Bundesgericht
Tribunal fédéral
Tribunale federale
Tribunal federal
2C_375/2024
Arrêt du 23 août 2024
IIe Cour de droit public
Composition
Mme la Juge fédérale Aubry Girardin, Présidente.
Greffier : M. Dubey.
Participants à la procédure
A.________,
recourant,
contre
Office cantonal de la population et des migrations du canton de Genève,
route de Chancy 88, 1213 Onex,
intimé.
Objet
Refus d'octroi d'une autorisation de séjour et renvoi de Suisse,
recours contre l'arrêt de la Cour de justice de la République et canton de Genève, Chambre administrative, 1ère section, du 9 juillet 2024 (ATA/812/2024).
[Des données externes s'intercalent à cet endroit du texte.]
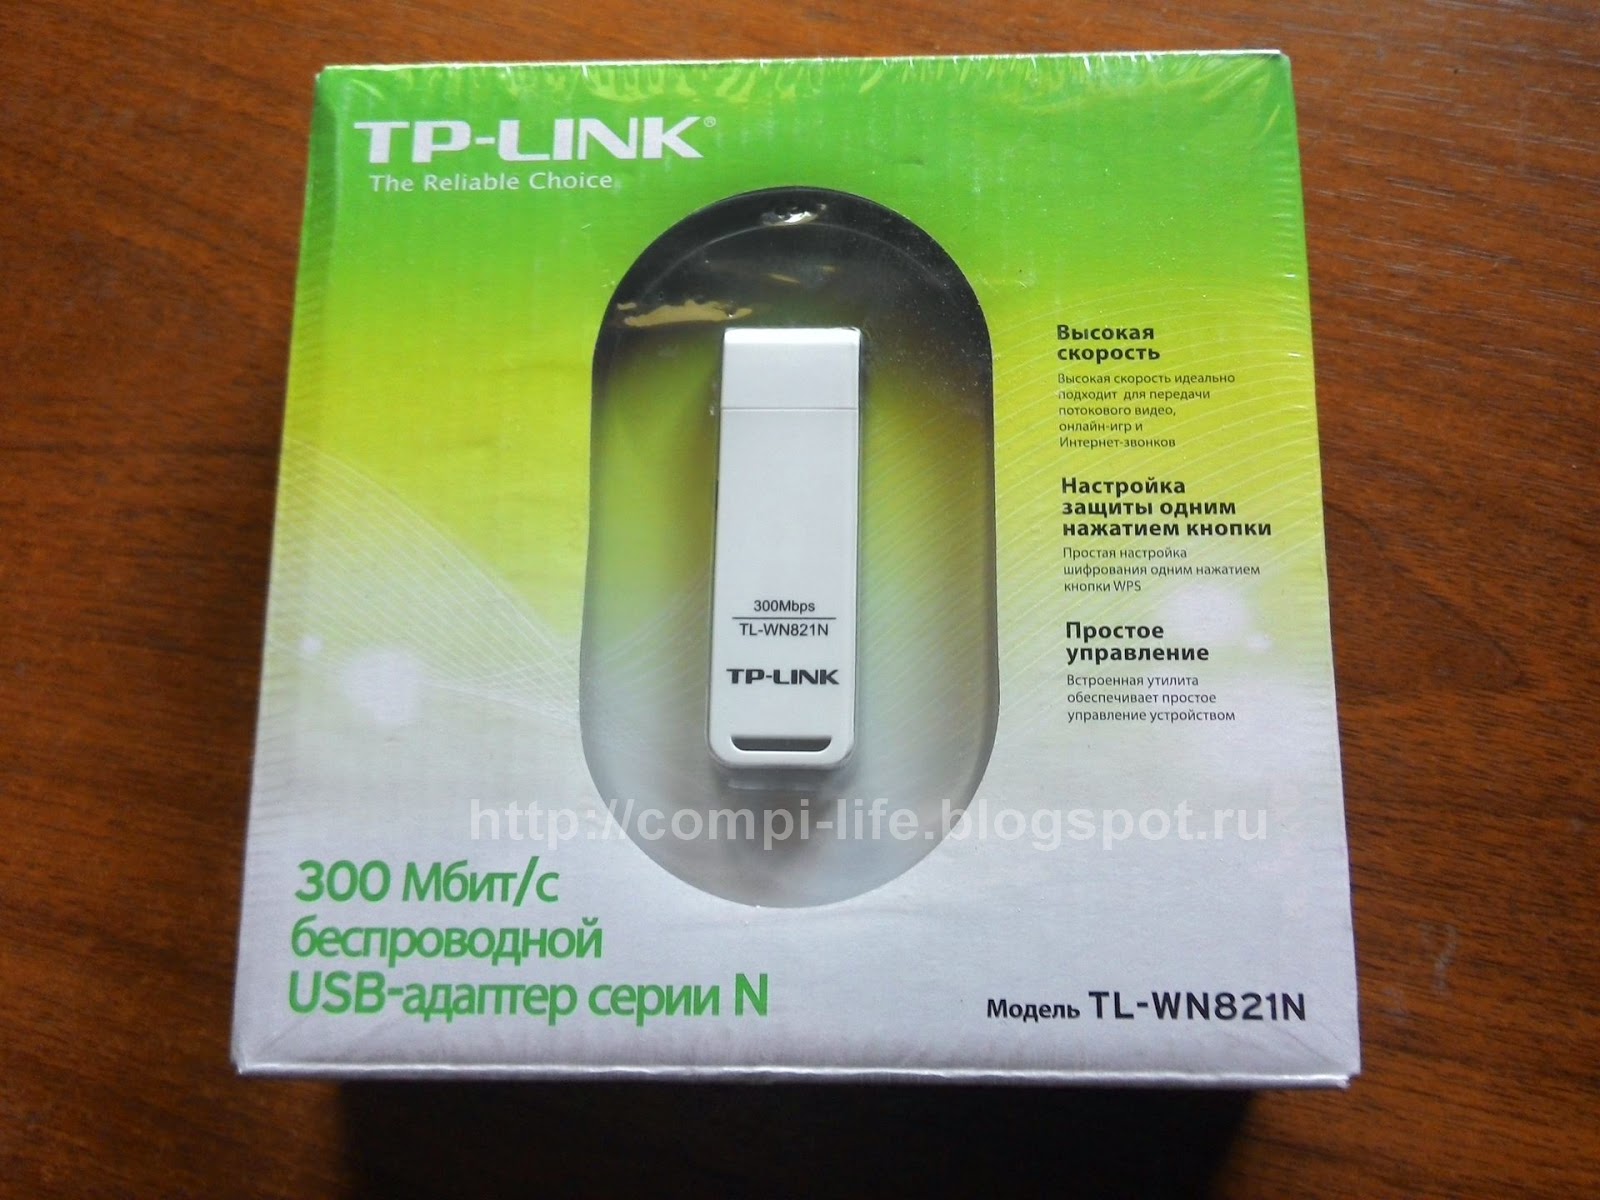 Usb vid 2357. Wi-Fi адаптер TP-link TL-wn821n. Беспроводной USB адаптер TP-link TL-wn821n 300мбит/с стандарта n. TL-wn821n v6. Беспроводной сетевой USB-адаптер TP-link TL-wn821n драйвера.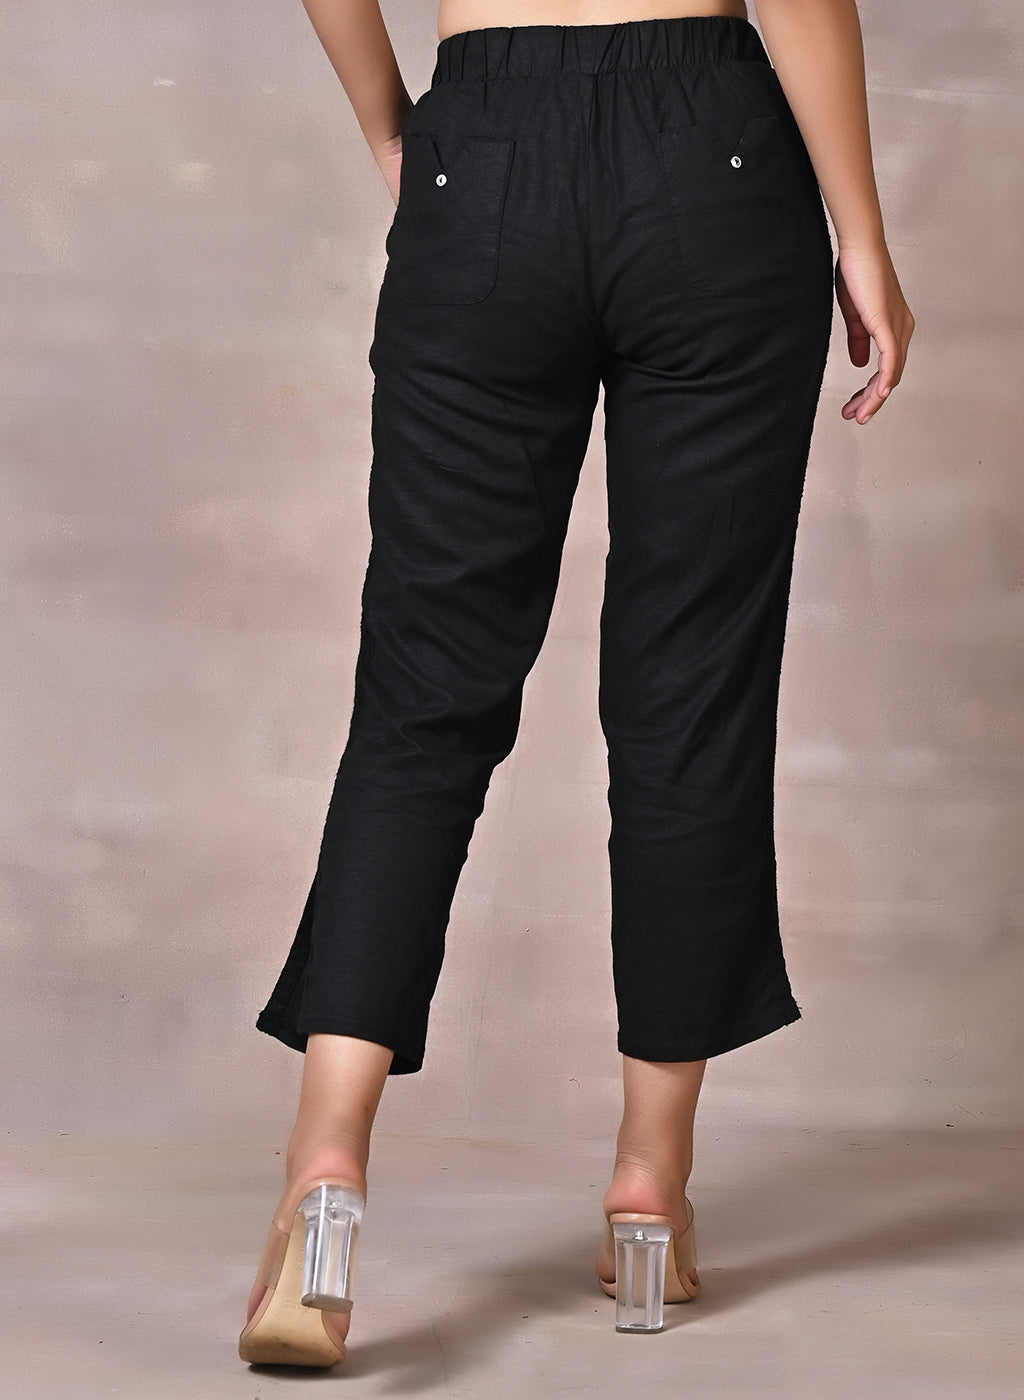 Buy Jockey Black Capri Pants - Style Number - 1300 online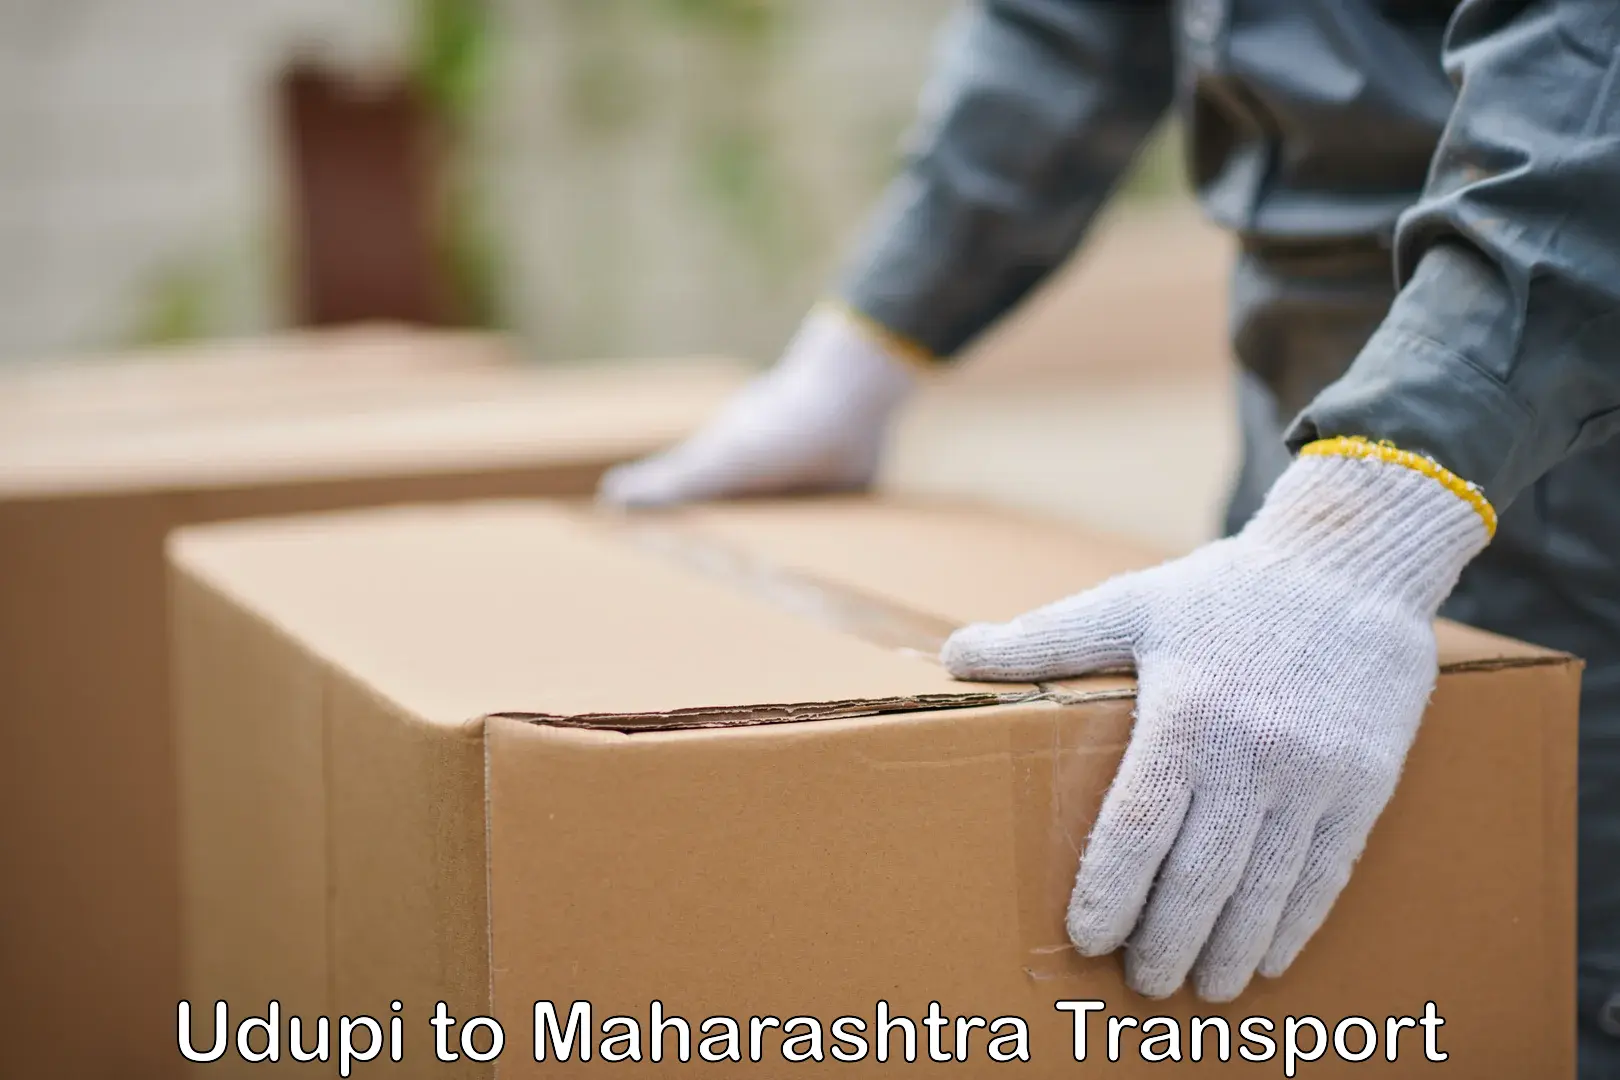 Lorry transport service Udupi to Maharashtra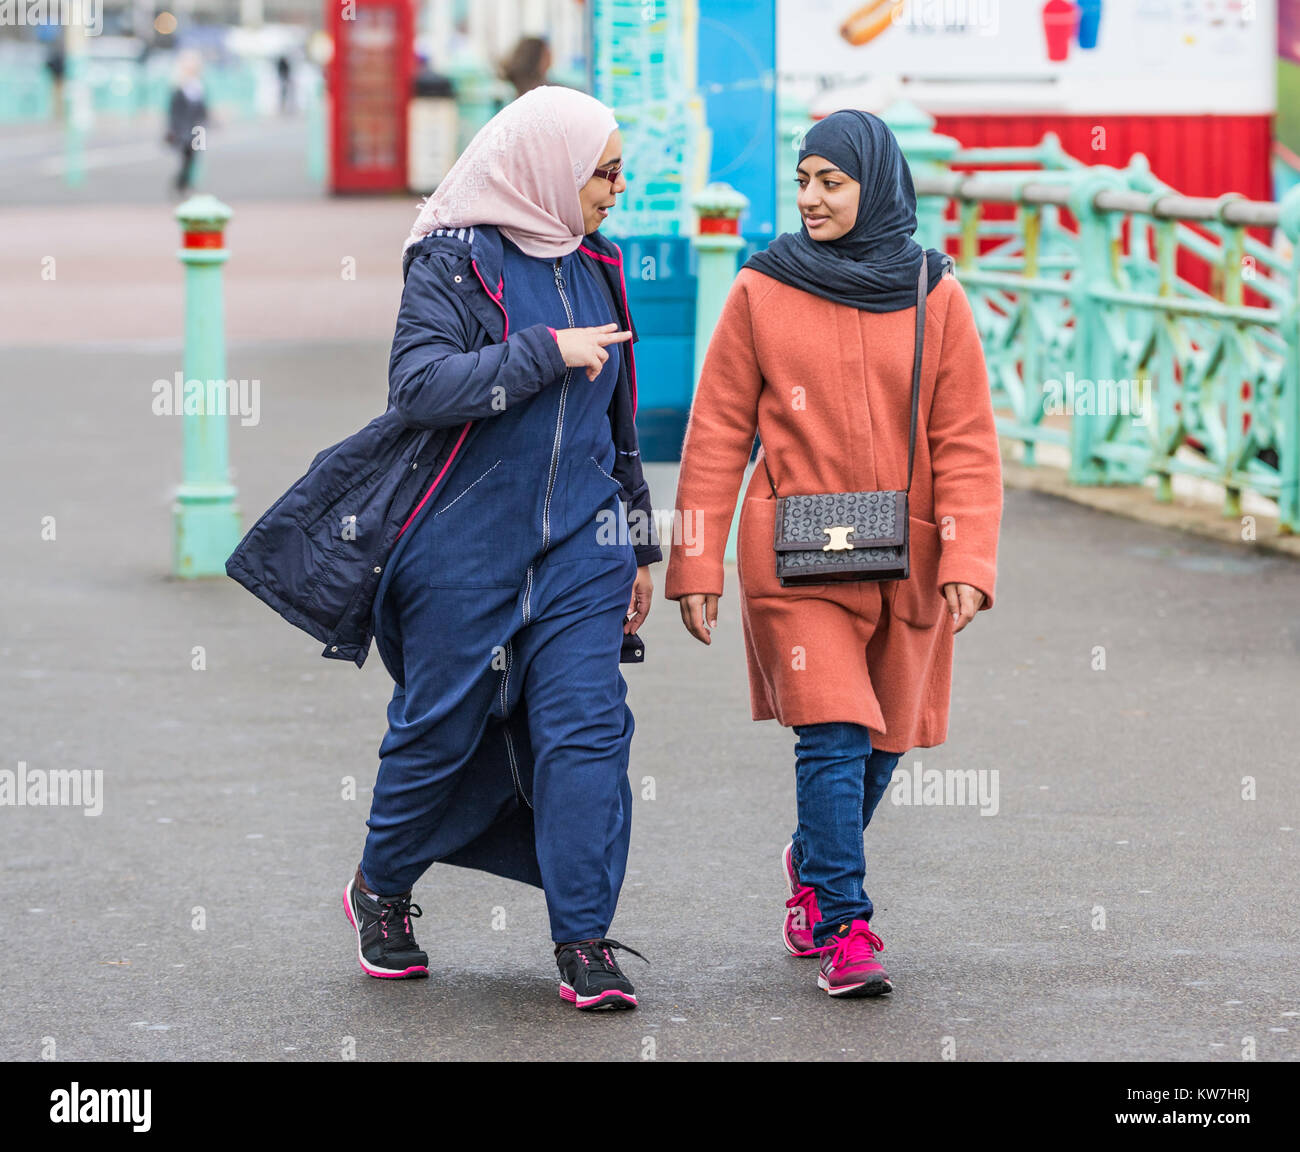 Une paire de femmes, probablement musulmane en raison de vêtements, portant un hijab marchant tout en parlant à Brighton, East Sussex, Angleterre, Royaume-Uni. Banque D'Images

Considérant en fait et en droit :
1.
A.________, ressortissant des Philippines, né en 1972, célibataire et sans enfants, est arrivé en Suisse le 20 janvier 2013 pour suivre des études dans le canton du Valais de janvier 2013 à juin 2014. Il a obtenu le diplôme souhaité en mars 2014.
En décembre 2014, l'Office cantonal de la population et des migrations du canton de Genève l'a autorisé à suivre une formation auprès de l'école de Langue Française, ce qui lui a permis d'être admis en 2015 à un programme de doctorat auprès de l'European Business School, l'obtention du titre recherché étant prévue dans le courant du mois d'octobre 2017.
Le 5 octobre 2017, A.________ a sollicité de l'Office cantonal de la population et des migrations le renouvellement de son autorisation de séjour pour études. Le 21 décembre 2017, l'Office cantonal de la population et des migrations l'a informé qu'il estimait que le but de son séjour était atteint, que les conditions de renouvellement de son autorisation de séjour pour études n'étaient pas remplies et qu'il ne se justifiait pas de lui délivrer une autorisation. S'en est suivi un échange épistolaire entre l'administration et l'intéressé au sujet des conditions de délivrance d'une autorisation de séjour pour études.
2.
Par lettres des 26 avril et 8 juin 2019, A.________ a finalement indiqué à l'Office cantonal de la population et des migrations que sa situation et ses projets d'études avaient changé depuis qu'il avait requis, à la fin de l'année 2017, la prolongation de son autorisation de séjour, et qu'il souhaitait modifier sa requête, toujours pendante, afin d'être autorisé à trouver un travail en Suisse.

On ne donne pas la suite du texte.